There is 100% identity between the query and a region on `Test1` that is 38 nucleotides long.
There are 0 mismatches or gap openings.
The match starts at index 1 on the query sequence, and ends at index 82.
This region matches a region in the `Test1` sequence spanning from index 82 to 119.
The E-value is `5.64e-18`, meaning that it is extremely unlikely that this match occurred simply due to chance.

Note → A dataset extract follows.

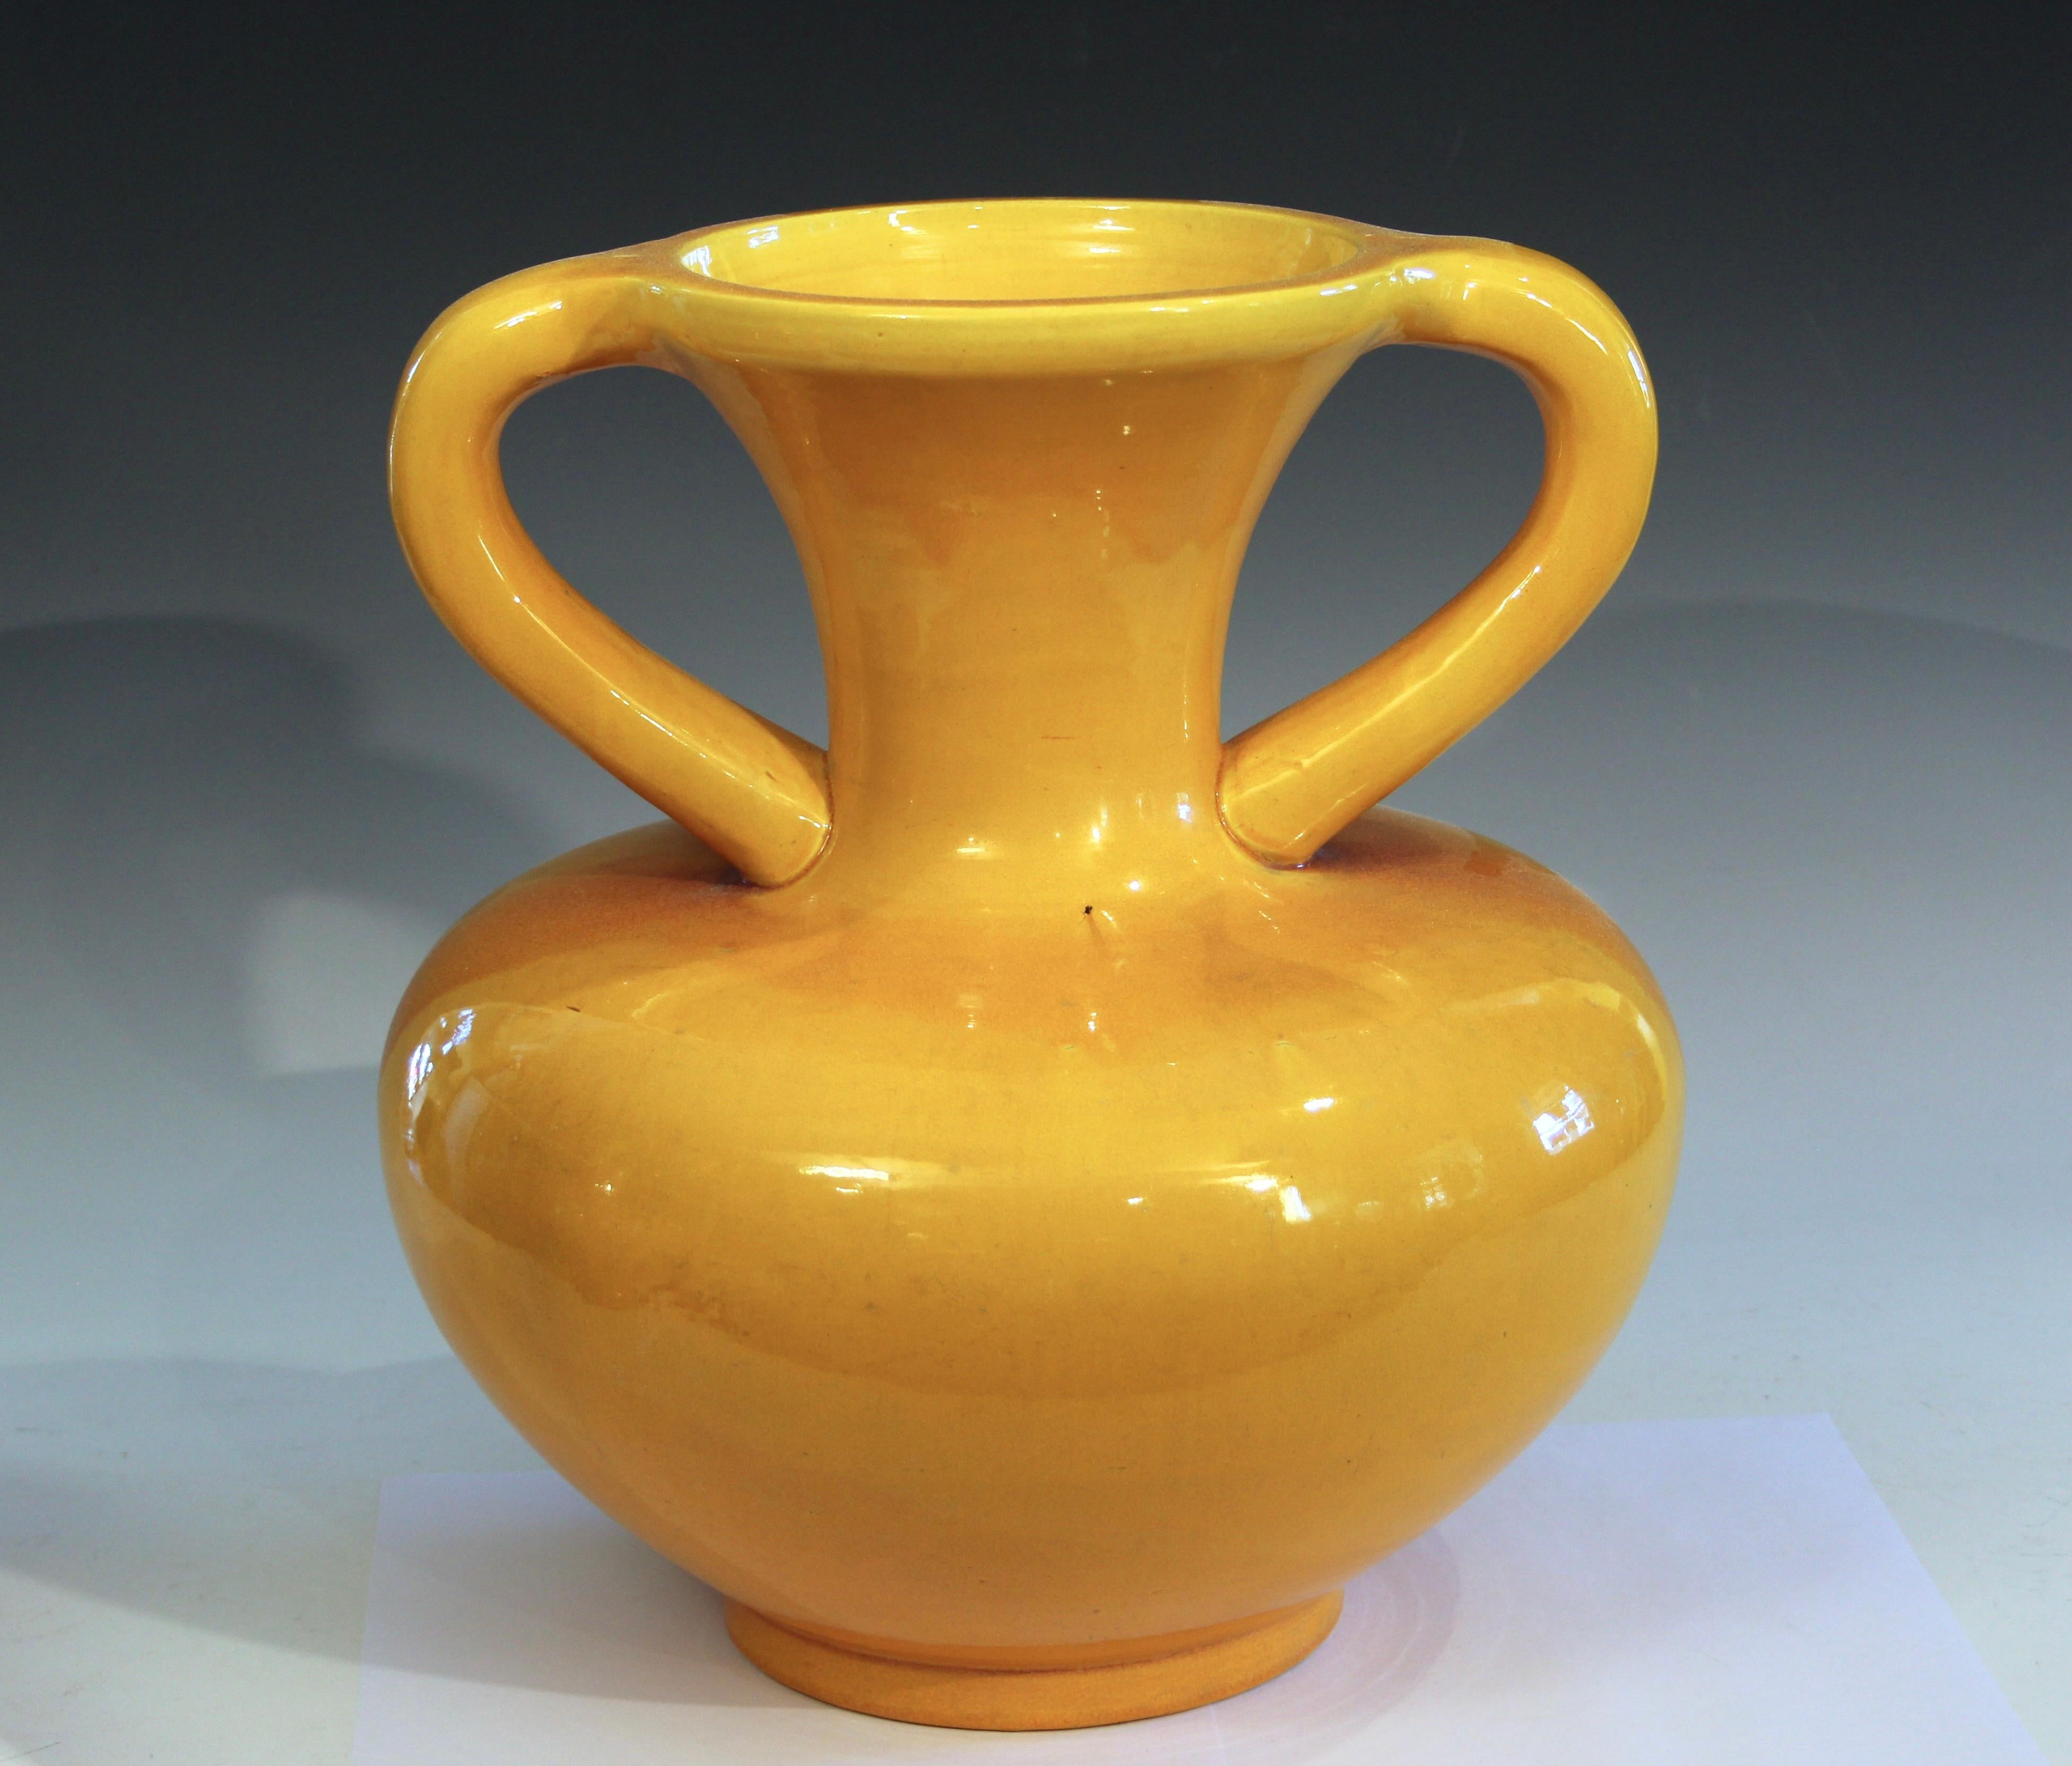 Grand vase Arts and Crafts en poterie d'Awaji en forme de bourse à cordon avec glaçure monochrome jaune d'or, vers 1920. 14

Here is a description of the E-value from the NCBI [website](https://blast.ncbi.nlm.nih.gov/doc/blast-help/FAQ.html):
> The Expect value (E) is a parameter that describes the number of hits one can “expect” to see
> by chance when searching a database of a particular size.
> It decreases exponentially as the Score (S) of the match increases.
> The lower the E-value the more “significant” the match is.
> However keep in mind that virtually identical short alignments have relatively high E values.
> This is because the calculation of the E value takes into account the length of the query sequence.
> These high E values make sense because shorter sequences
> have a higher probability of occurring in the database purely by chance.



The bitscore is 71.3.

Here is a definition of bitscore from the NCBI BLAST [glossary](https://www.ncbi.nlm.nih.gov/books/NBK62051/):
> The bit score, S',
> is derived from the raw alignment score, S,
> taking the statistical properties of the scoring system into account.
> Because bit scores are normalized with respect to the scoring system,
> they can be used to compare alignment scores from different searches.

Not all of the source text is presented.